Vitor Santos disse...

Este meu comentário anterior, é dirigido a Ana.
Quanto ao nazi que se esconde por detrás do anonimato, e cita a odiosa palavra nazi: Junden Raus,
pergunto-lhe: Já alguma vez fez a sua árvore geneológica?
Os Judeus em Portugal no Século XVI constituiam 35% da população.
E há o ditado que diz: "Se abanares a tua 'árvore' há-de caír um Judeu".
"Tsoah sheli goy".

C.Sousa disse...

Li a crítica, que traduz perfeitamente a leitura arrepiante e ao mesmo tempo fascinante da obra e comento para responder ao ultimo parágrafo.

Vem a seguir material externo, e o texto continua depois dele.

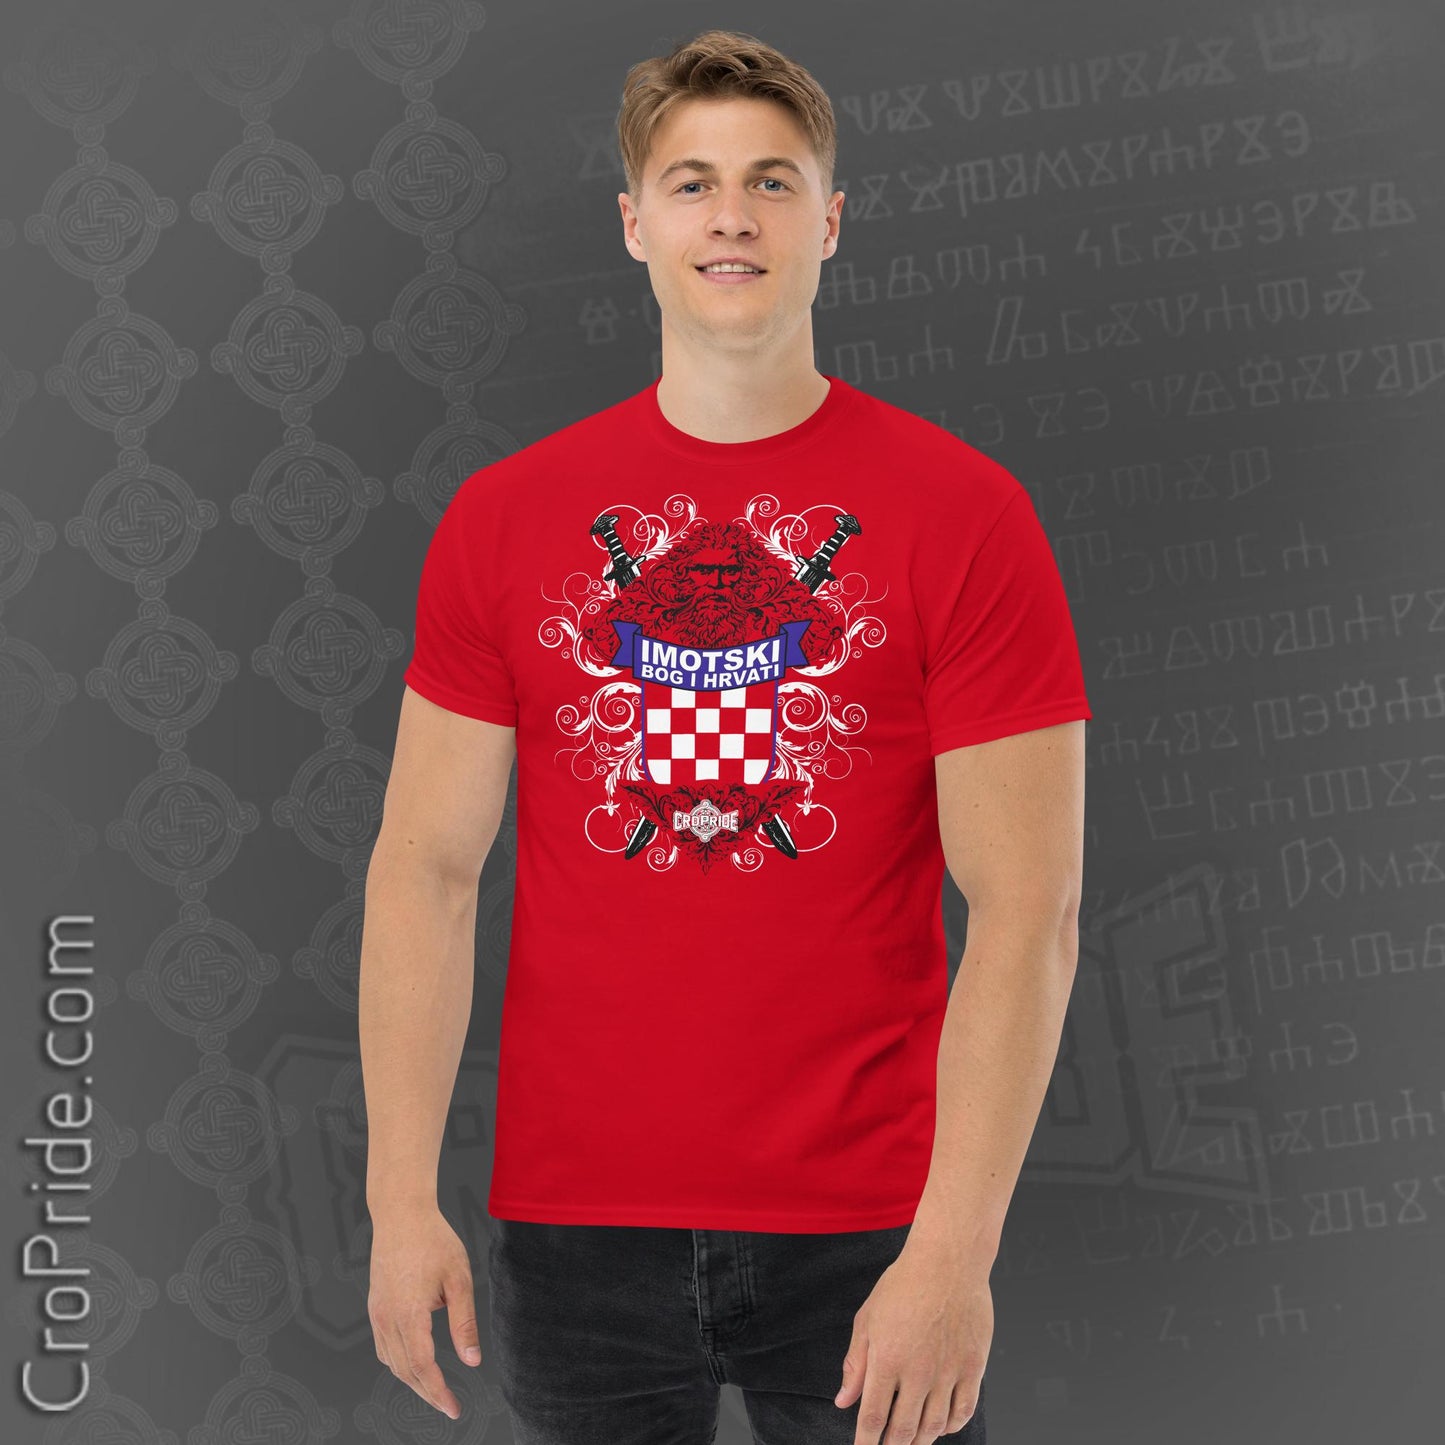 Imotski T-Shirt for Men - Croatian Heritage Design with "Bog I Hrvati" Statement

Conheço o autor pessoalmente e fiz-lhe essa mesma pergunta, e ele respondeu que a ideia era mesmo criar confusao entre o real e imaginário. Claro que o cenário histórico é real, mas de resto, nem tudo é. Recusa-se, no entanto, a dizer que fracção é imaginada. Sei, apesar de tudo, que caso haja os referidos manuscritos (não me garantiu a existência destes), Richard alterou/acrescentou certas cenas, de forma a tornar a história mais real e cativante! Acho que concordamos que conseguiu! :)

Anónimo disse...

Acabei de ler este livro ontem ( li-o para portugues) e fiquei com a sensação de que ainda existem muitas partes negras da história portuguesa por contar, ou que se são contadas não são como realmente aconteceu. O facto de a acção ser descrita por alguém que estava lá torna tudo mais assustador. O livro é mesmo muito bom mas tenho de concordar que nos faz ter vergonha dos actos cometidos pelos nossos antepassados.

Anónimo disse...

eu gostei do livro mas confesso que fiquei com vergonha de ser cristã

jonas lanski disse...

Como Judeu Brasileiro fico a vontade para comentar.Alguns Portugueses,se envergonham deste periodo .A inquisicao nao so envergonha Portugueses como tambem a Humanidade.Porem o reconhecimento desta tragedia,com o mea culpa,da a voces a grandeza do humanismo moderno,Estive em 2010 em Portugal,,ja a conhecia ,e continua linda e acolhedora,quando sabiam da minha religiao me davam um tratamento melhor ainda .Imbecis nazis existem ca como la, e nao serao eles que impedirao um mundo justo e sem pre conceitos.